Dans le laboratoire des Eaux et Sols de l’Institut de Recherches pour l’Industrie Chimique (INIQUI, CONICET-UNSa), une équipe dirigée par les scientifiques Verónica Irazusta et Verónica Rajal travaille à l’optimisation de la production de biosurfactants, composés naturels à haute valeur ajoutée offrant une alternative écologique pour transformer les déchets.
Les biosurfactants sont des substances tensioactives d’origine biologique, biodégradables et avec de multiples applications industrielles. “Leur principal inconvénient est le coût de production comparé à ceux d’origine synthétique, c’est pourquoi nous travaillons sur des méthodes plus économiques en utilisant des sous-produits industriels”, explique Irazusta, responsable technique du projet.
Le partenariat avec Ledesma
Le travail s’inscrit dans le cadre d’un accord signé en 2024 entre le CONICET, l’Université Nationale de Salta et l’entreprise Ledesma, avec la participation des départements de Liaison Technologique de Salta et Jujuy. L’objectif est d’optimiser la production de biosurfactants à partir de bactéries isolées des effluents industriels, en utilisant les ressources disponibles et en réduisant l’impact environnemental.
“Nous utilisons des effluents ou des sous-produits industriels de Ledesma comme milieu de culture pour les micro-organismes. Ainsi, nous produisons ces molécules de manière économique, tout en donnant une utilité à des déchets qui autrement pourraient polluer”, souligne Irazusta.
Applications des biosurfactants
Ces composés diminuent la tension superficielle de l’eau, ce qui les rend utiles dans des secteurs tels que :
- Pharmaceutique : formulation de médicaments et traitements.
- Agro-industriel : amélioration des processus de culture et protection végétale.
- Alimentaire : stabilisation des émulsions et produits transformés.
- Cosmétique : élaboration de crèmes, shampoings et produits d’hygiène.
- Détergents et nettoyage : substitution des tensioactifs synthétiques polluants.
Leur capacité à se dégrader naturellement en fait des alliés clés pour le développement d’une industrie plus durable.

Avancées technologiques
La collaboration avec Ledesma a débuté il y a des années, suite à des visites exploratoires à la recherche de sous-produits utiles pour les bactéries productrices de biosurfactants. L’accord actuel a permis l’incorporation d’un bioréacteur de sept litres, une avancée significative pour le laboratoire et l’université.

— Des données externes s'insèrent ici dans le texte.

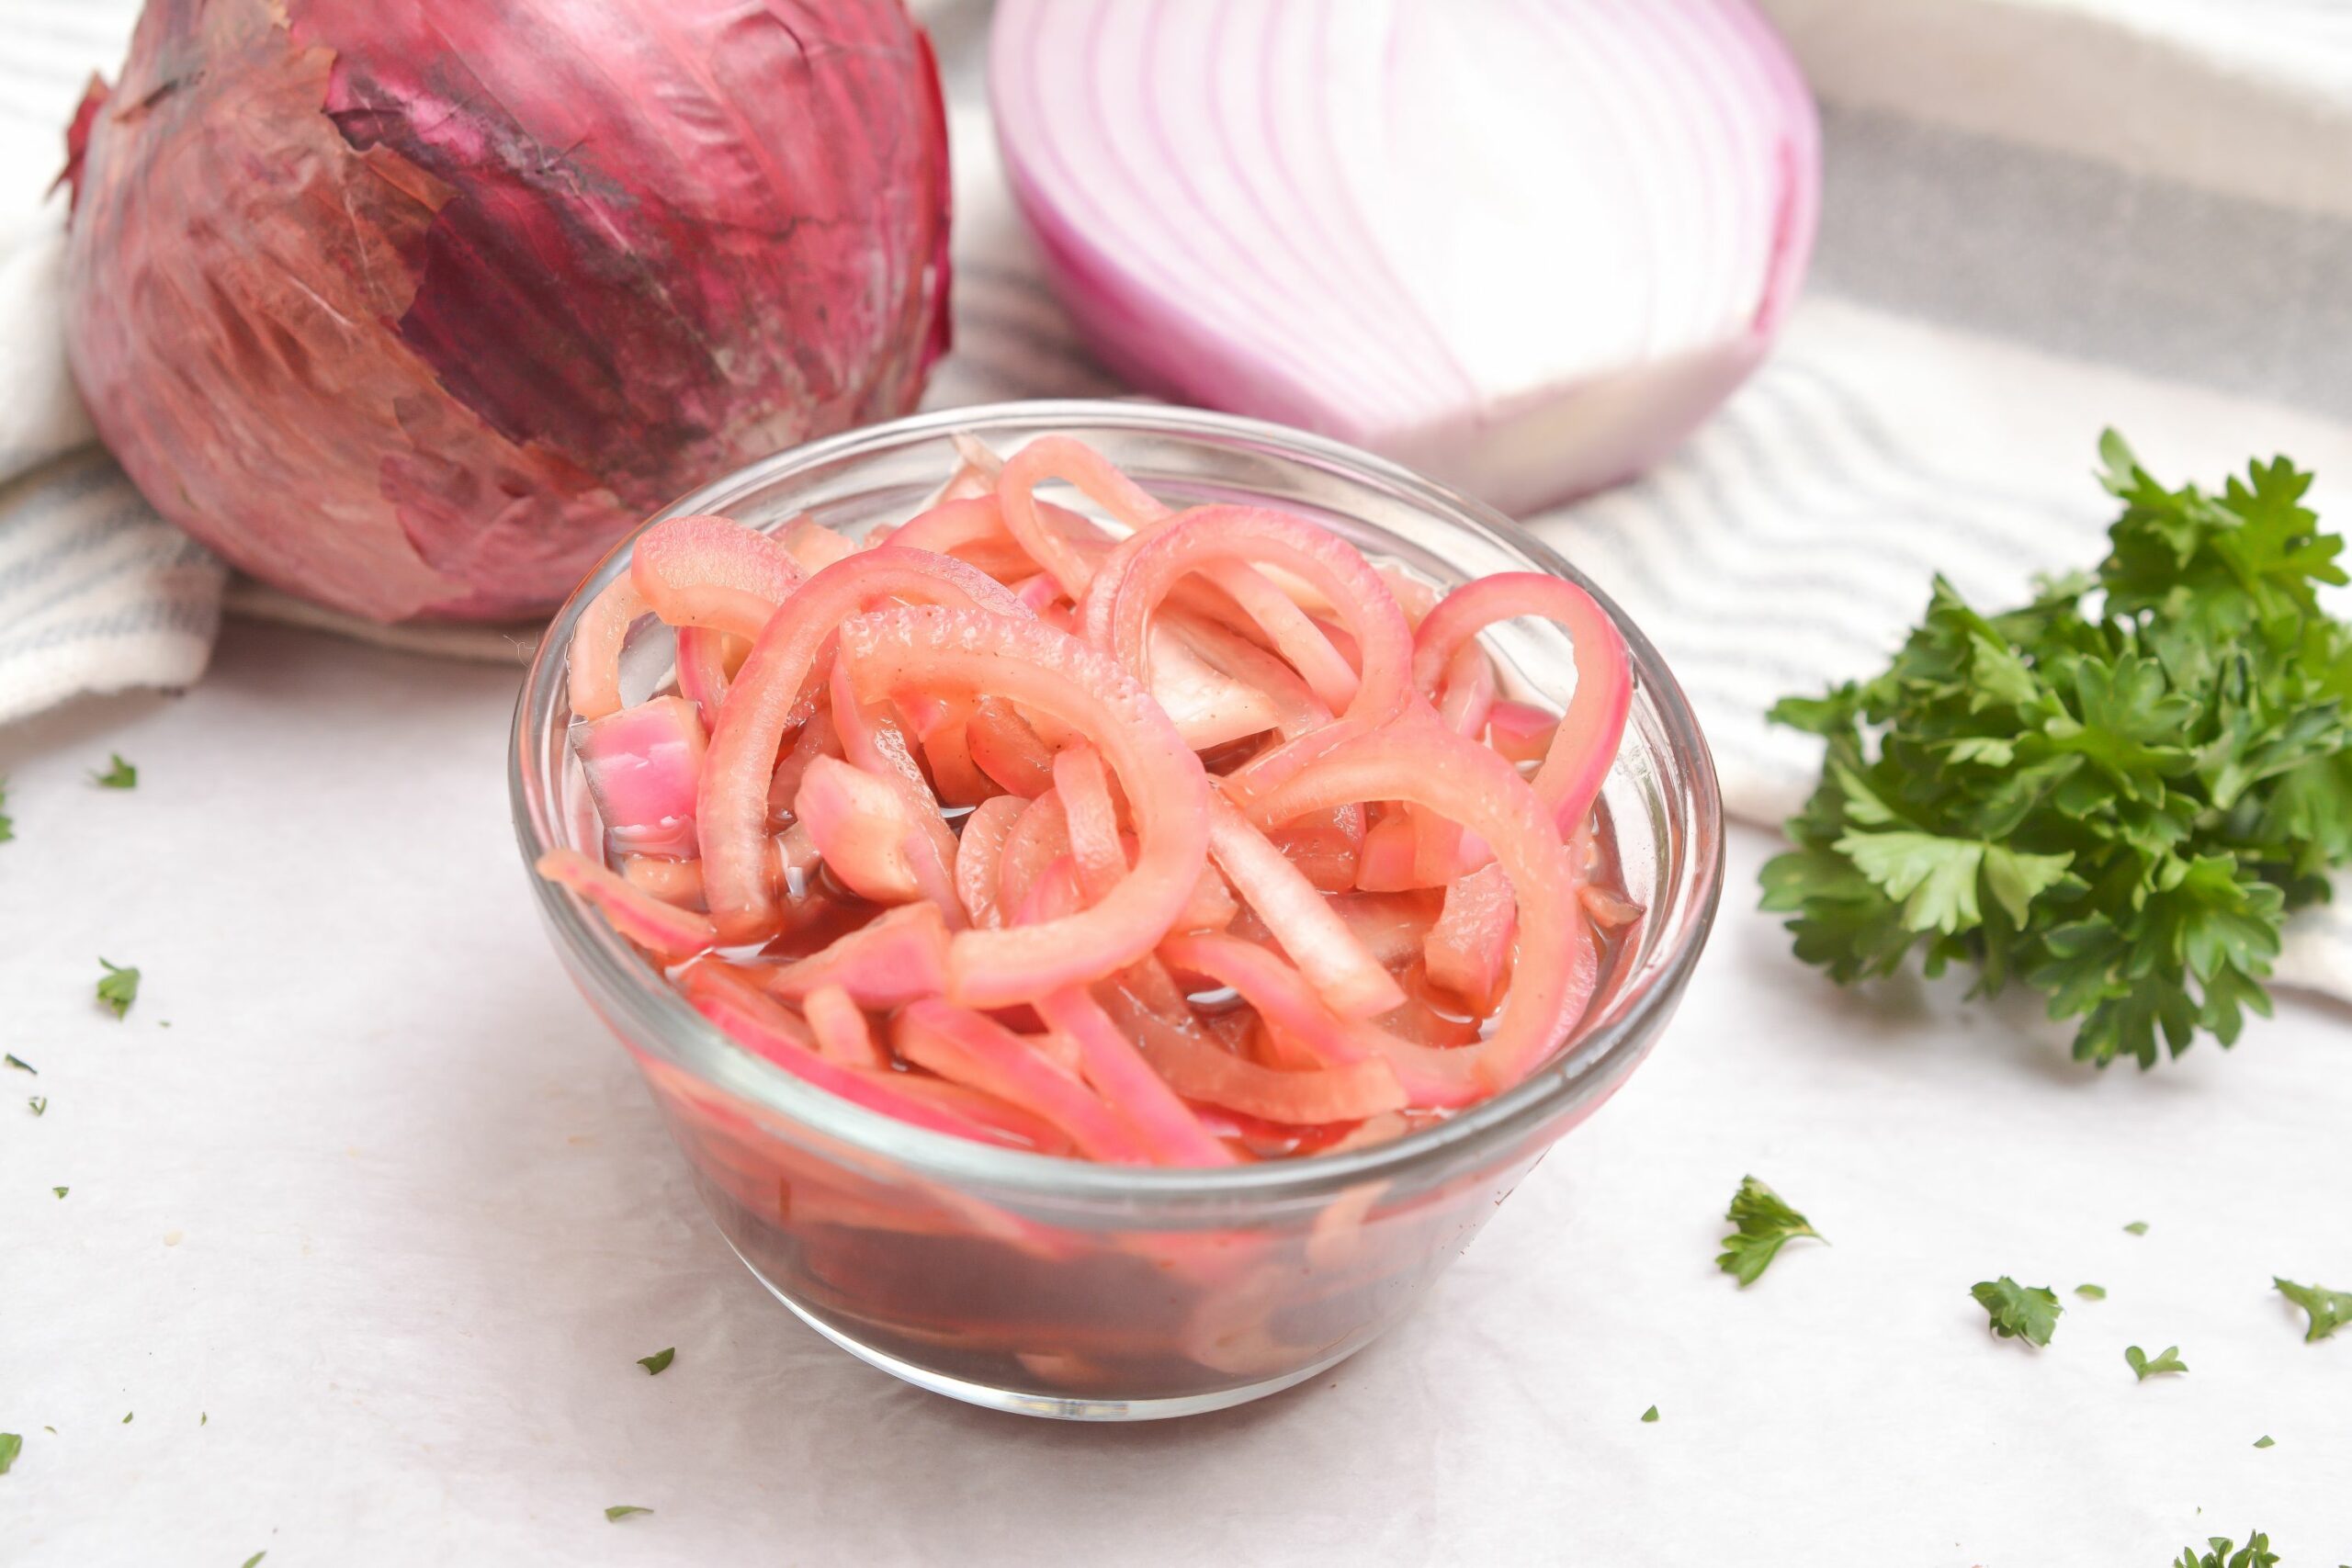 Picled onions with sides for a burger.

De l’entreprise, Adriana Rodríguez, représentante technique du projet, a souligné : “L’accord que nous avons signé avec l’Université Nationale de Salta et le CONICET pour le développement d’un nouveau produit à partir de la canne à sucre a un grand potentiel. Nous sommes en quête constante d’alternatives plus durables pour améliorer nos processus productifs et avancer dans le développement de nouveaux produits”.

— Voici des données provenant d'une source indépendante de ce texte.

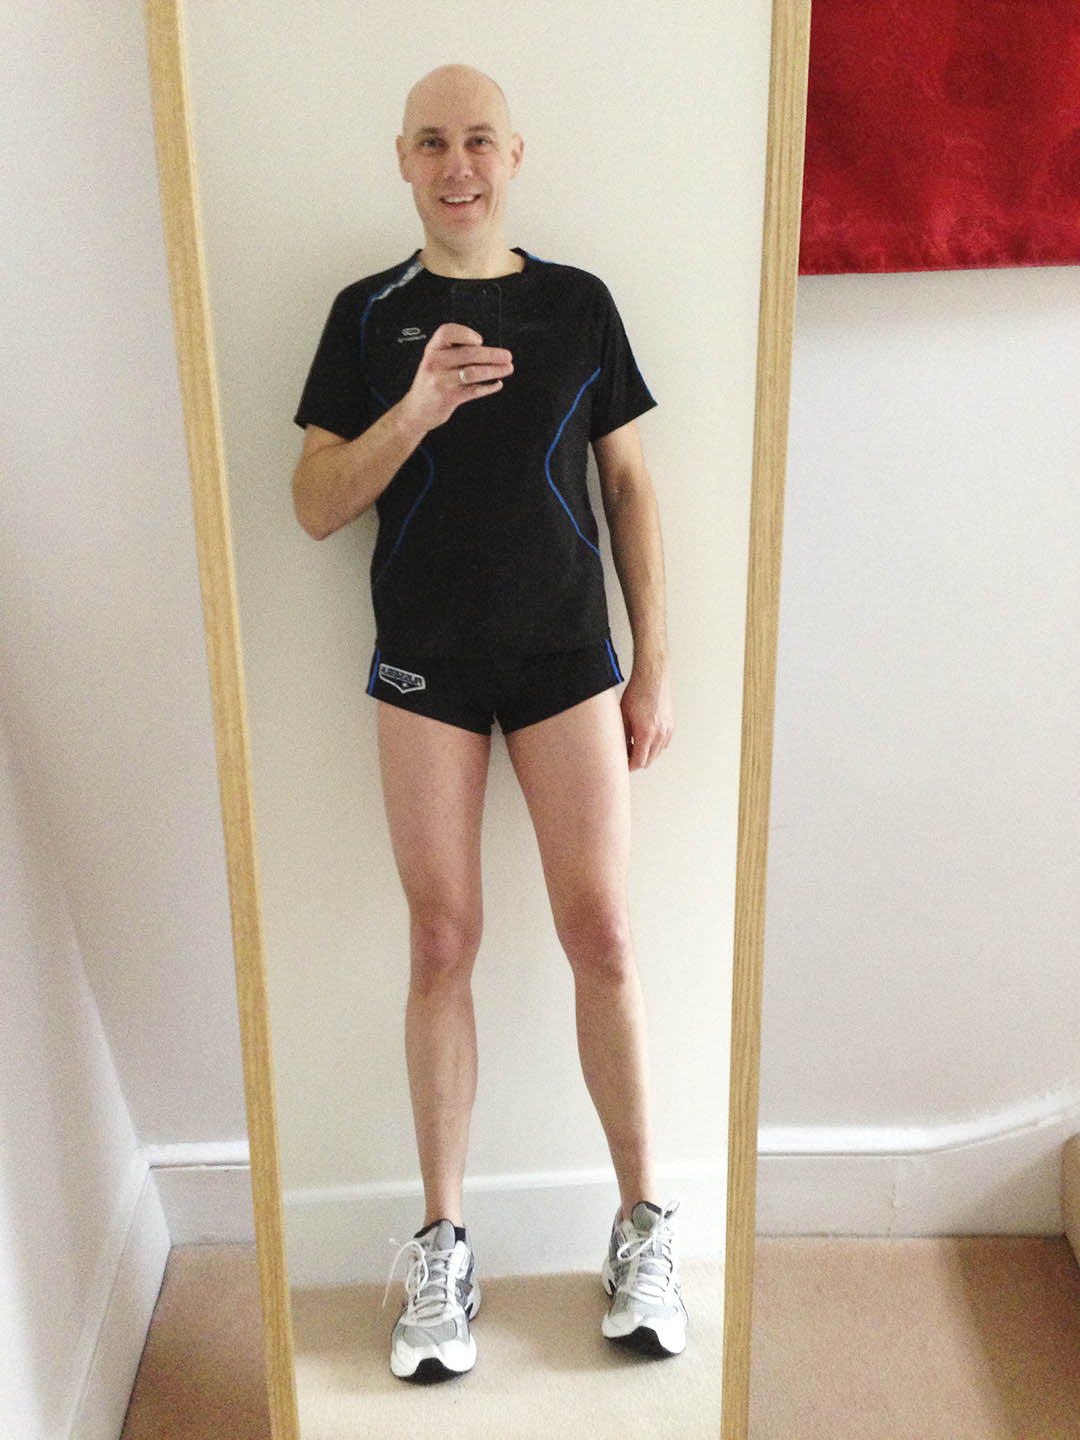 92.Â  A great submission from a guy who wears short shorts.Â  I hope he gets

Sous-produits en évaluation
Actuellement, le groupe évalue différents sous-produits tels que la mélasse et la vinasse pour optimiser les processus productifs. L’objectif est de réduire les déchets industriels et d’offrir des alternatives écologiques pour diverses applications.
“Ce développement bénéficie à la société de différents points de vue : d’une part, nous générons moins de déchets industriels ; d’autre part, nous offrons des alternatives plus écologiques pour différentes applications”, conclut Irazusta.
L’alliance entre le CONICET, l’Université Nationale de Salta et Ledesma démontre comment la science et l’industrie peuvent travailler ensemble pour promouvoir l’économie circulaire, transformer les déchets en intrants stratégiques et ouvrir la voie à une production plus durable.
Les biosurfactants représentent une opportunité concrète pour réduire la pollution et diversifier l’offre de produits dans des secteurs clés de l’économie.